Barry’s an undiagnosed-autistic man, long-term unemployed and confused by his life and how people live. He’s started waking at 2:00AM to static in his living room TV; through which, he’s started receiving communications from an Alien named Endon. His housemates, Marcus and Lilly, threaten to evict Barry if he doesn’t seek help. Barry fears becoming homeless. Things get worse when he assaults a cop in a Centrelink office, due to an ill-timed communication from Endon. Barry then fears going to jail.  

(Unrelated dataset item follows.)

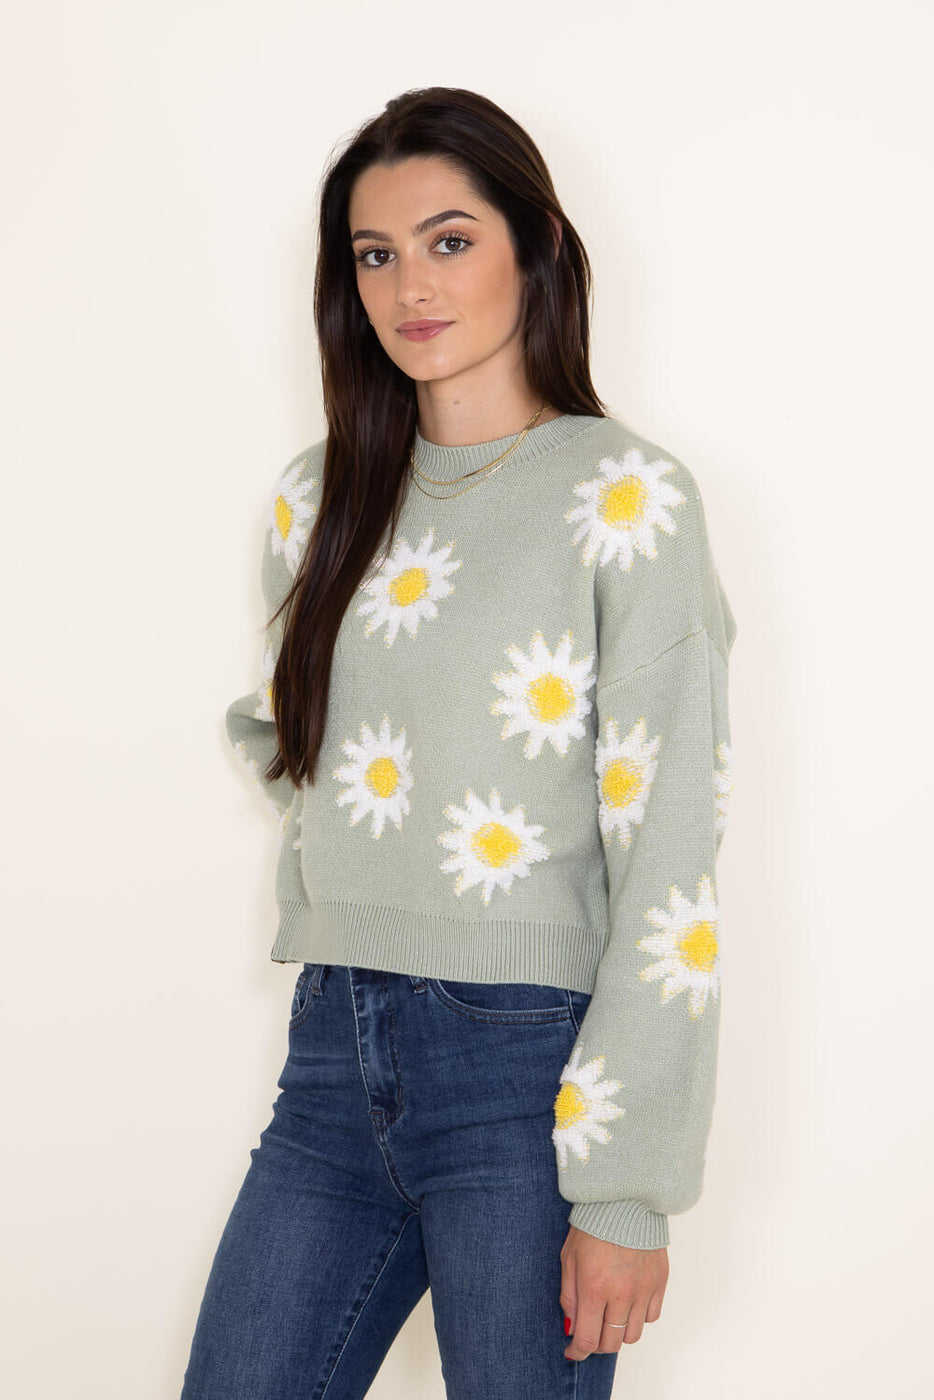 Simply Southern Daisy Print Cropped Sweater for Women in Green

Endon exists 500-years in Barry’s future, orbiting the solar system, stealing Earth’s history via its multitude of transmissions. She’s perplexed by humanity, so communicates with Barry, and others like him, in an effort to understand. Barry is just as perplexed and asks Endon to abduct him. He admits to his housemates he’s been talking to an Alien. Marcus has Barry sectioned. Endon then devises a process to transfer Barry to her realm. Barry’s unsure what awaits, but is so confused and distressed he’s willing to leave Earth and never return. 

While Barry’s in a psychiatric hospital, Endon tries to contact him but communicates with Lilly. Having met Endon, Lilly gets Barry released. With Lilly’s help Barry is abducted by Endon. He travels across space and time to Endon’s spaceship where he awaits his transformation to a new state of being. Endon has constructed a temporary environment for Barry that resembles a sterile version of his share house. Endon allows Barry to view the past five hundred years of human history. Little of it makes sense to him. He contacts Lilly, finding her ten-years in her future. She has a good life, she tells him about people he knew; some have died, most live suburban lives. Barry lets go, ready for transformation.  

TV in 98 has a sense of Hitchhikers Guide to the Galaxy meets the surrealism of Kafka on the Shore, and the other worlds of Exhalation.